Chapter 1 provides the road map for the entire book. This chapter gives a high level description of the methods and procedures for how to integrate  data using XML technologies and the role each one of them plays in the  process.

Chapter 2 covers the essential concepts of XML. The reader should be aware  that this is not a book about XML, but about how to use XML for the stated  purpose of data integration. Therefore, specialized aspects of the XML  technologies such as browser rendering, style sheets, etc., are not covered.  If you need to learn more about those aspects of XML you should consult the  specialized literature (see the suggested Bibliography at the end of this  introduction).

Chapter 3 covers World Wide Web Consortium (W3C) XML Schema Document (XSD).  Although the main use of XSDs is for validation, in this book we look at  schemas as a form of ‘data modeling’ in the context of XML, i.e., they  represent the specification of the semantics and syntax of the data as well  as their relationships.

Part 2—

Chapter 4 covers XSD alignment using the results developed in Chapter 3.  Specifically, it shows how to apply basic data modeling concepts to perform  semantic and syntactic alignment starting with the XSD’s created for data  sources that will be integrated.

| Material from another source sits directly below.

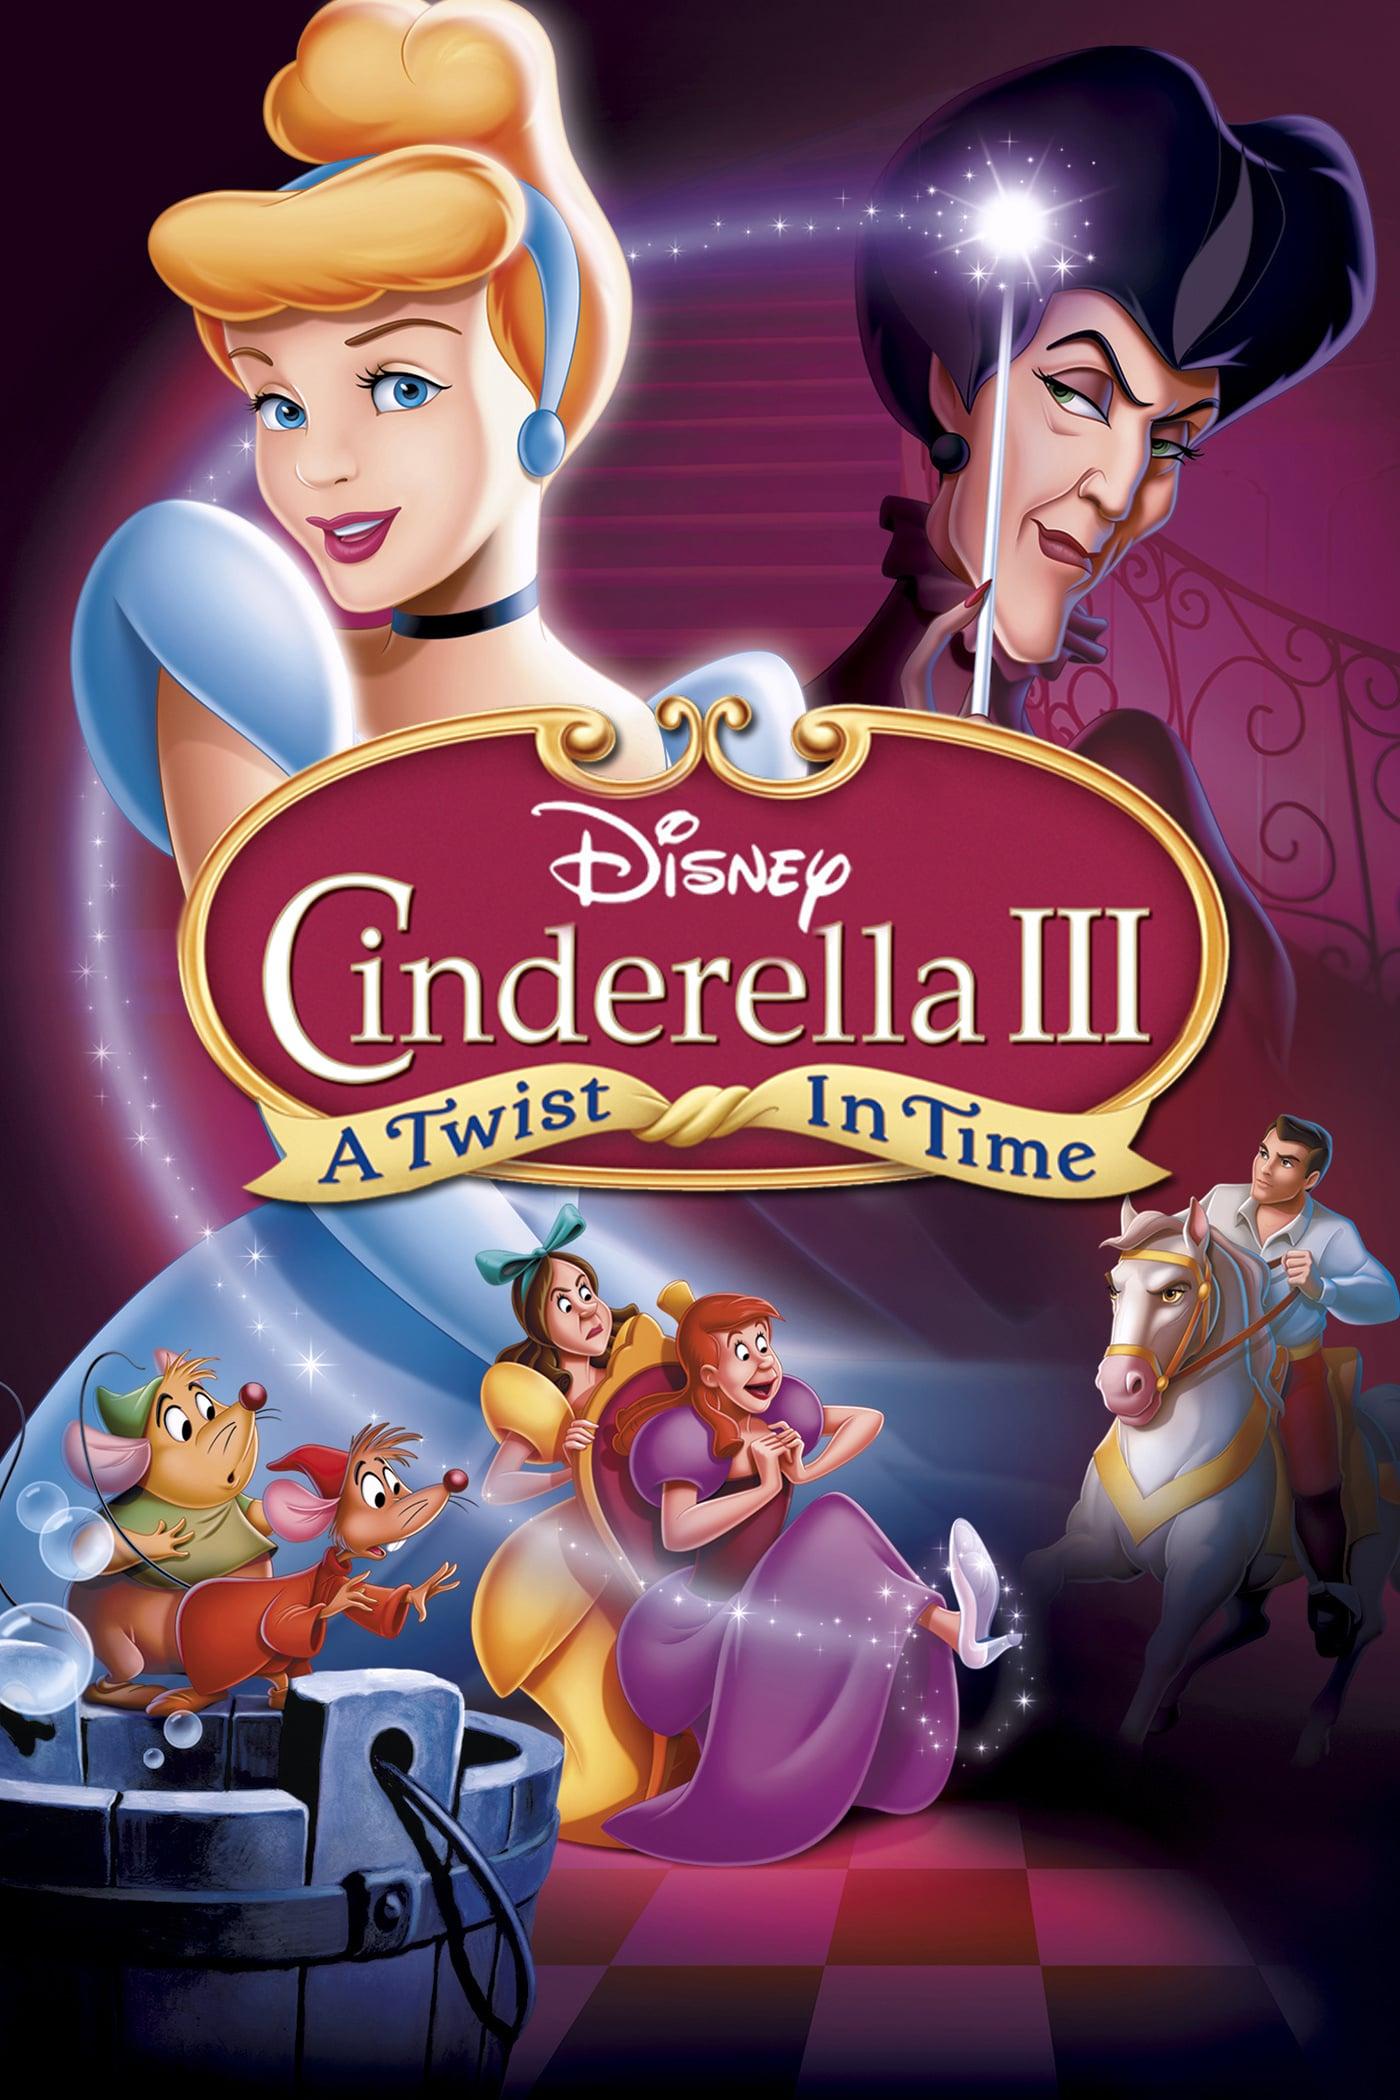 Cendrillon 3 : Le Sortilège De Cendrillon (2007) • Fr.film avec Cendrillon 3 Disney

Chapter 5 covers the use of XML Style sheet Language/Transformation (XSLT)  to convert the properly tagged data sources into XML instance documents that  conforms to the semantics and syntax specification of the integrated data  source (the target XSD). Again, the focus here is not to explore all the  variations and applications of these two rich areas, but simply to provide  you with the necessary tools required to merge data from different sources  via XML in an efficient manner.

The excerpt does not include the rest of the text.